To get over the Heartbleed bug and avoid it from coming back in future, The Linux Foundation has joined hands with some of the biggest tech companies.
For a pledged amount of $100,000 each per year for the next 3 years to this Core Infrastructure initiative, companies like Amazon, Microsoft, Google, Facebook, NetApp, Rackspace, Qualcomm, VMWare, IBM, Intel, Dell, Cisco and Fujitsu have come together.
The monetary contribution from each of these biggies will allow developers to work on open source projects on a full time basis with paymets made towards audits and computing & testing infrastructure.
Jim Zemlin, Executive Director, Linux Foundation, said
“This is not just about the money, but the forum”, and added “Instead of responding to a crisis retroactively, this is an opportunity to identify crucial open source projects in advance.
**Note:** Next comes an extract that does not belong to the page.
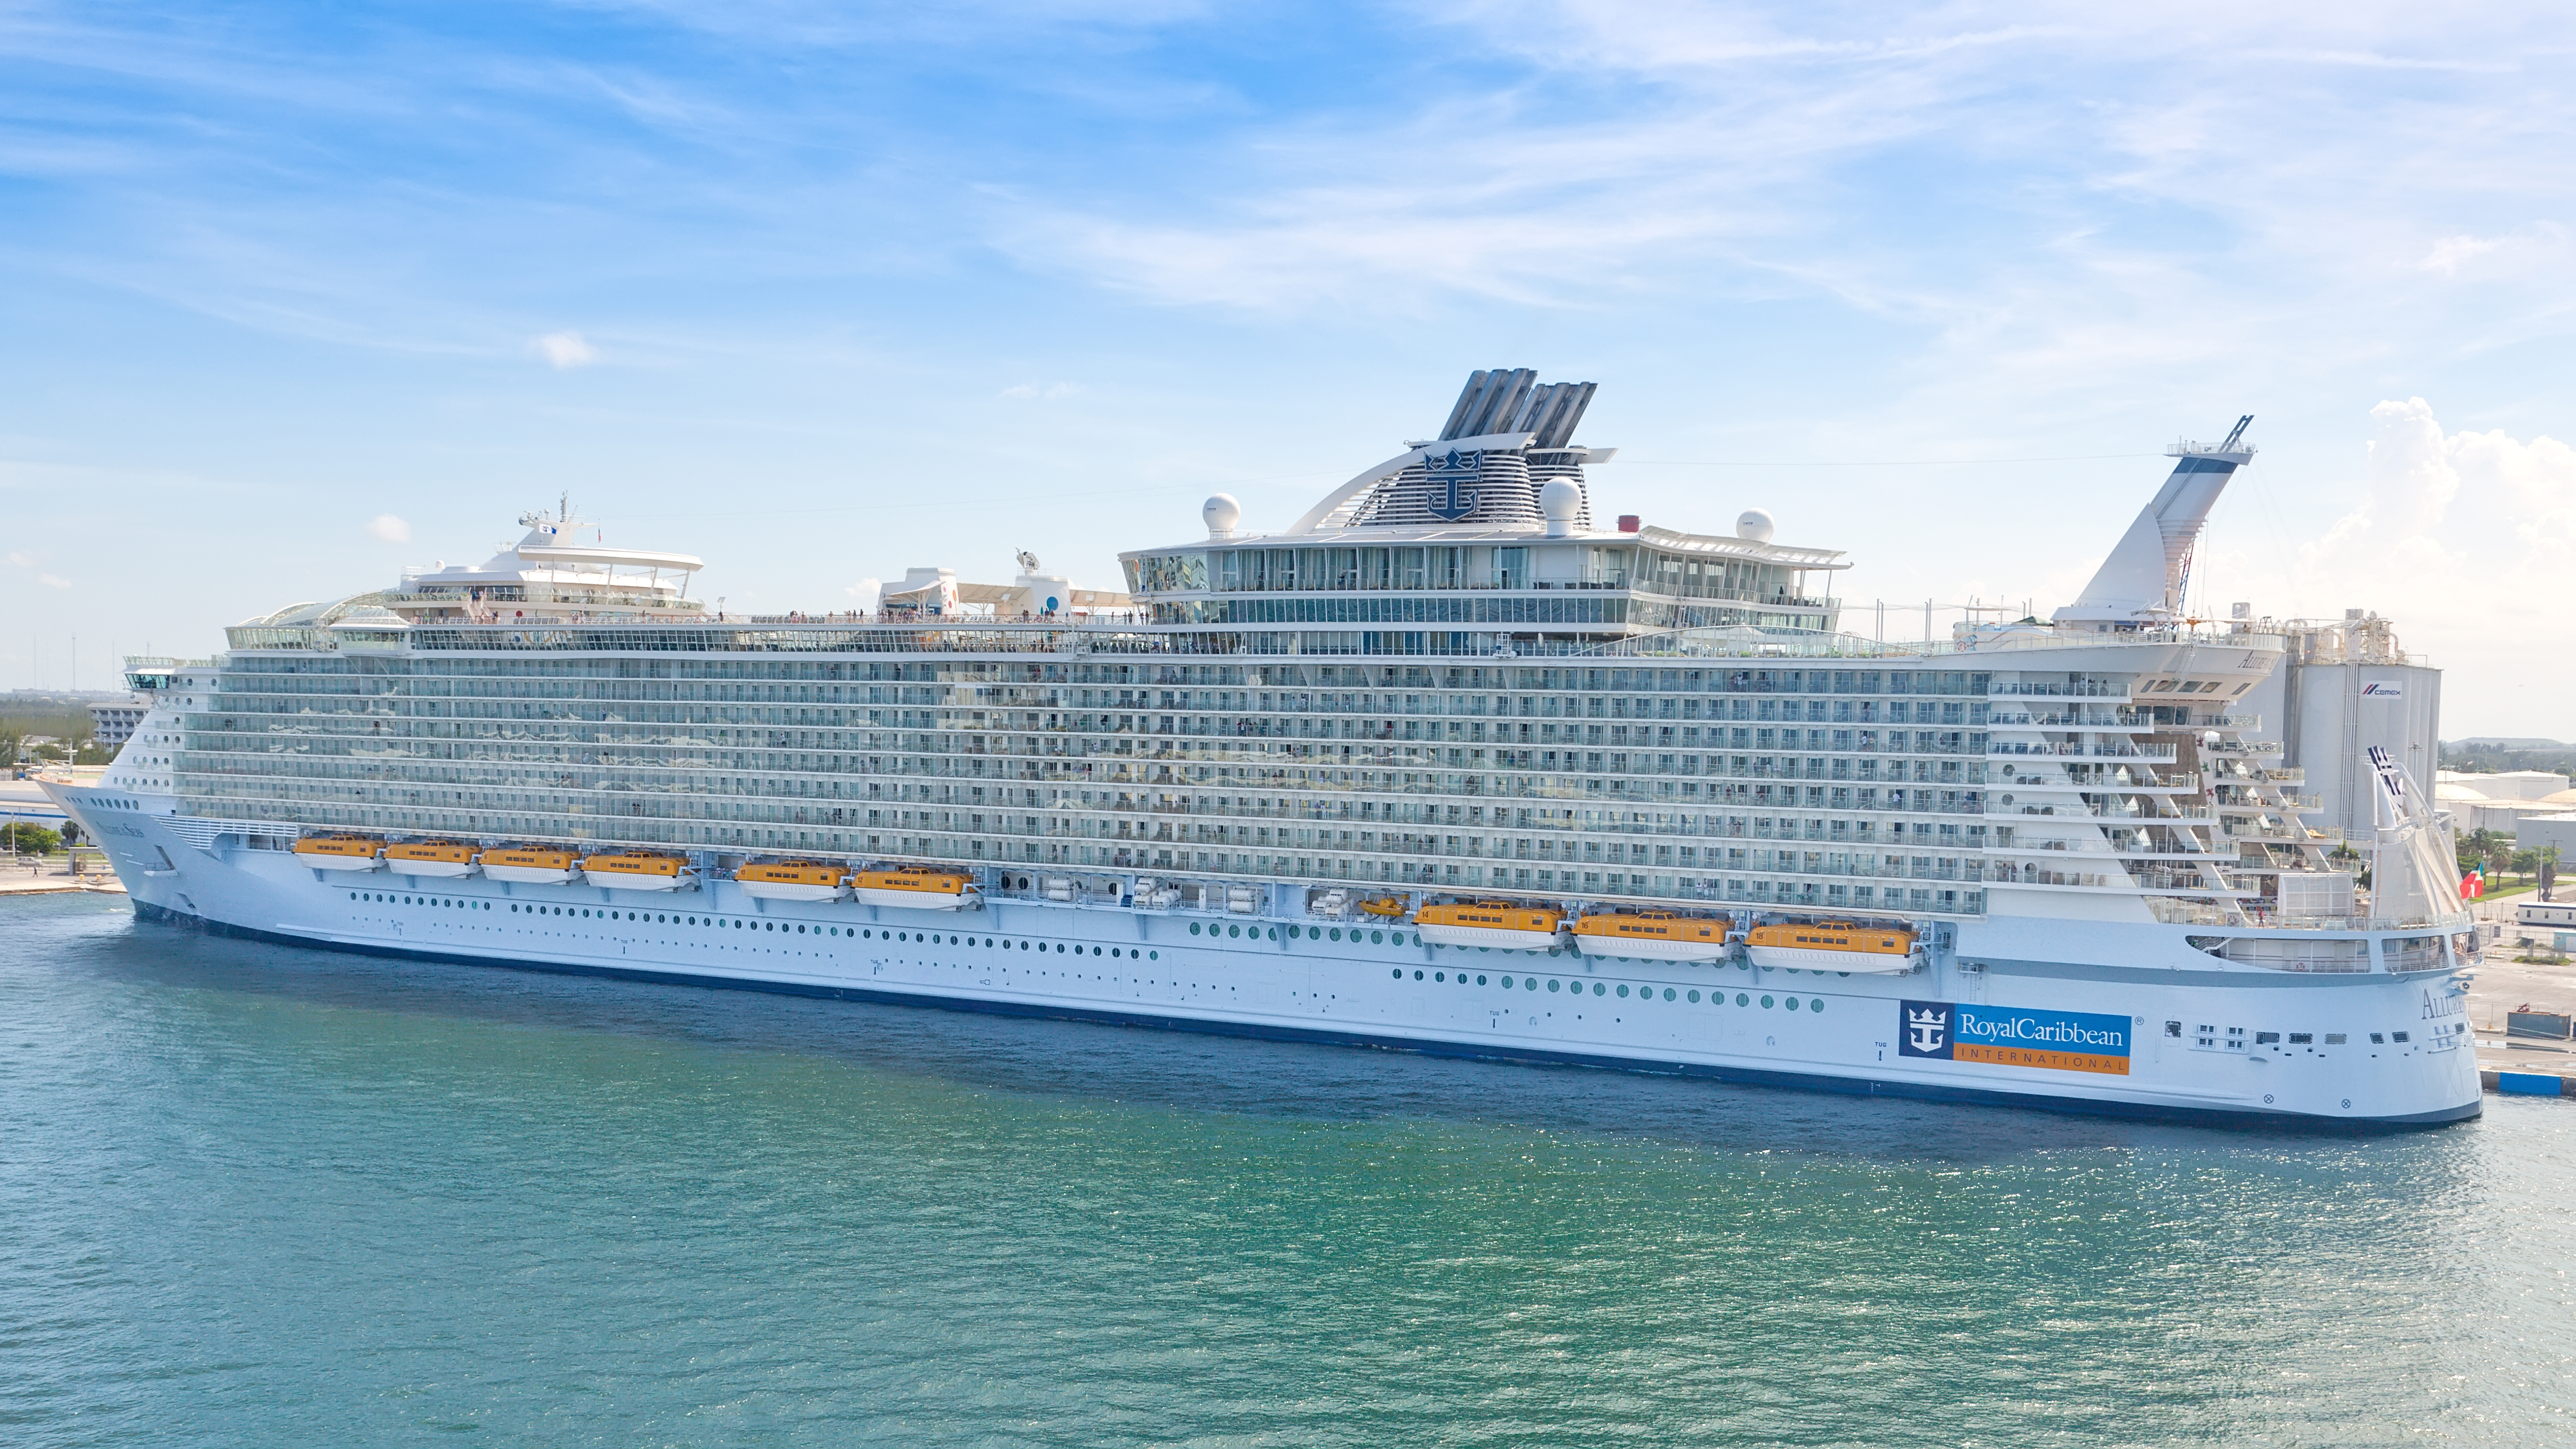 Cruceros de Royal Caribbean comenzaran a salir de puertos estadounidenses en julio

Right now, nobody is having that conversation, and it’s an important conversation to have.”
It is important to know that some researchers noticed an issue with OpenSSL about 2 weeks ago, and therefore The Core Infrastructure Initiative will work on OpenSSL.
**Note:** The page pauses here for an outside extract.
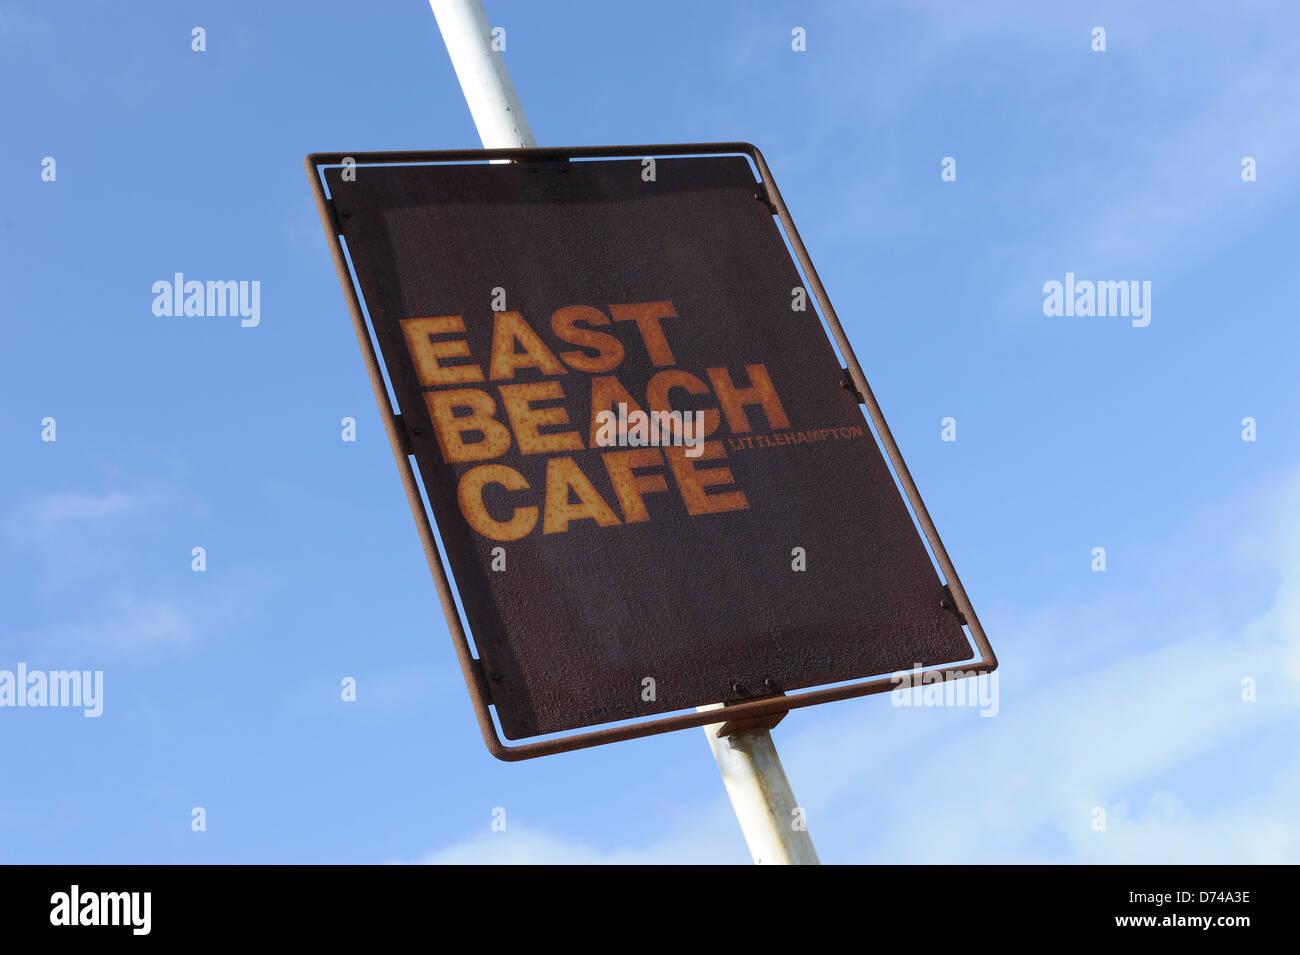 East Beach Cafe, Littlehampton, West Sussex by architect Thomas Heatherwick Stock Photo

It is surprising to know that while over two-thirds of Internet servers make use of OpenSSL encryption tool, the same is managed by only a small group of few volunteers and one full-time developer.
Since fixing the issues is a major concern for all the big and small tech companies alike, a lot of groups and companies have already started to fund security audits for open source softwares.
An example in the same is OpenBSD that has raised about $17,000 to support these audits that will discover and eliminate the security issues completely.